What is going on here?
Britt, Brady, Fair, and many other Kavanaugh opponents in mainstream liberal institutions are engaging in a brand of politics that denies fairness, courtesy, and dignity to the enemy. In the eyes of those who would destroy his nomination, Kavanaugh and his family are no longer human beings, if they ever were. Instead, they stand in for every social evil, every unearned privilege, every “structure of oppression,” every historical injustice. The Kavanaughs are political demons.
This is the politics of dehumanization, in other words. Its prevalence today, particularly in elite liberal circles, forebodes much ill for the American future.

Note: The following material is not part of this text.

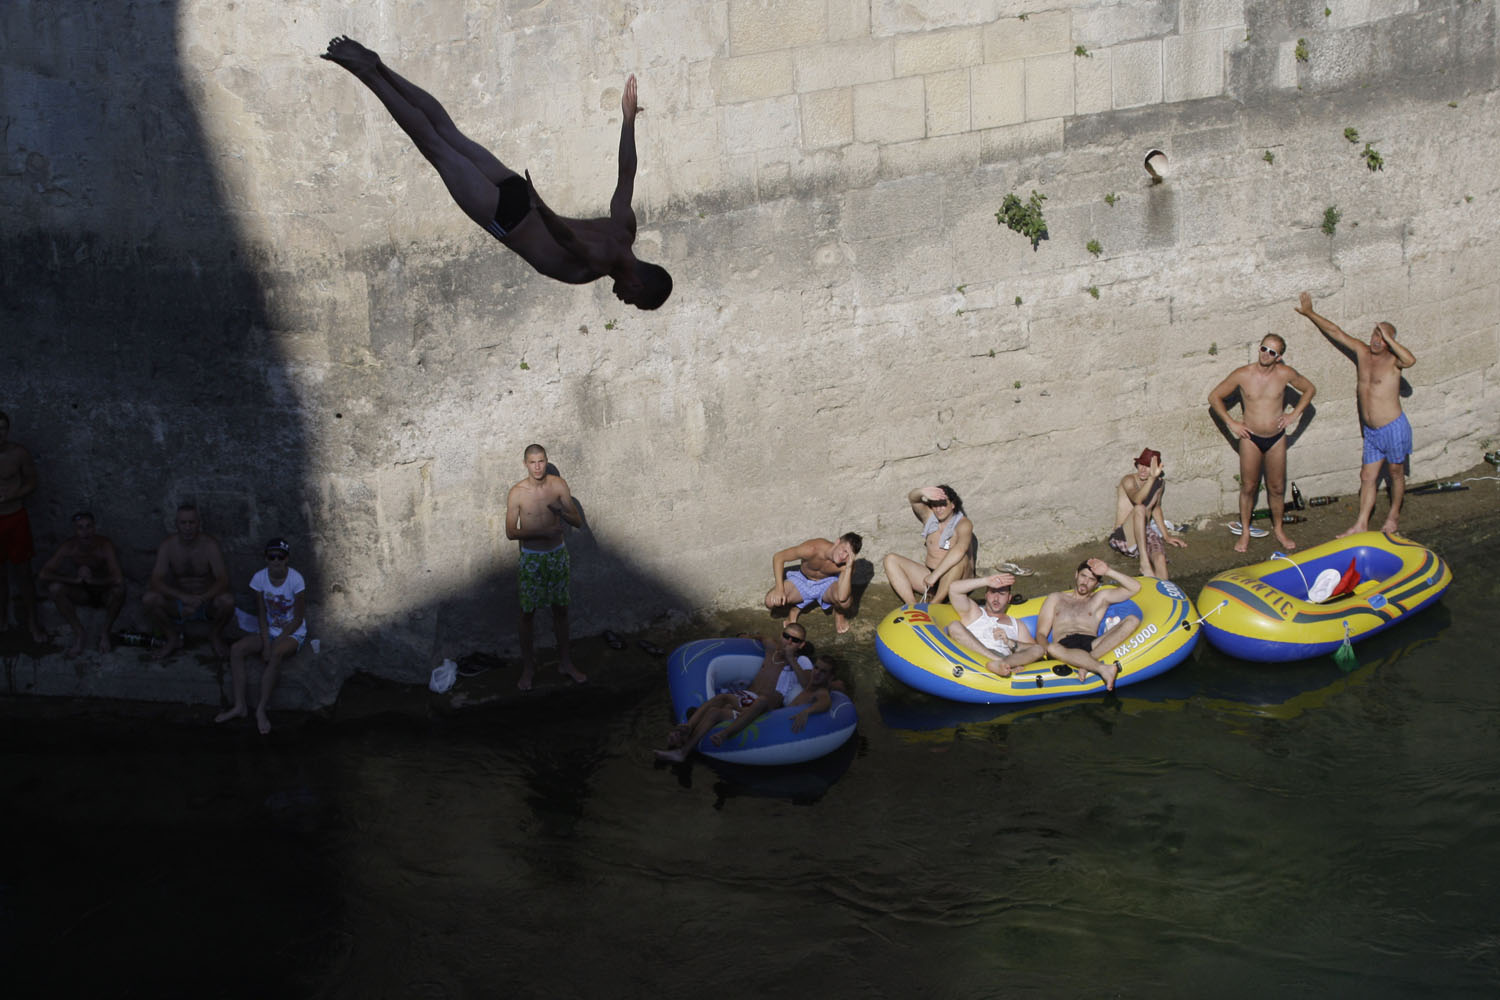 July 28, 2013. Spectators watch as a diver jumps from the Old Mostar Bridge during 447th traditional annual high diving competition, in Mostar, 140 kms south of the Bosnian capital of Sarajevo.

The dehumanization of Kavanaugh reveals a society where many bonds of civic friendship have frayed while others have snapped altogether.
We are beyond the Belmont/Fishtown divisions described by Charles Murray in his book Coming Apart. Murray described communities living in relative geographic proximity but sharing little by way of cultural tastes, patterns of marriage and education, or a common life. But judging by the Kavanaugh affair, we now have two radically opposed communities, and one of the two views the other as so evil and irredeemable as to authorize any and all means for political combat.
The other side—whether you consider it Fishtown or the Jacksonians or some combination of these political and cultural forces—isn’t going to sit pretty. It has already erected a defensive barrier in the form of Donald Trump (that’s how I increasingly see the 45th president), and its fighting spirit is far from exhausted. And the Jacksonians/Trumpians have done their share of dehumanizing over the past two to three years.
This could all get uglier than most of us can imagine.
Is there a way out, a way back to civic friendship? If there is, it will have to start with re-humanizing each other. My friend Mark Dubowitz of the Foundation for Defense of Democracies had the right idea, I think. He wrote on Twitter: “This is that time to invite one of your most outspoken opponents on any issue out for lunch. Break bread. Look each other in the eyes. Calmly discuss. Be a mensch. Learn something. I have one scheduled for Friday.”
Amen, amen. Or you might follow Liza Kavanaugh’s lead (the real one, not the grotesque cartoon version): Pray for your enemy.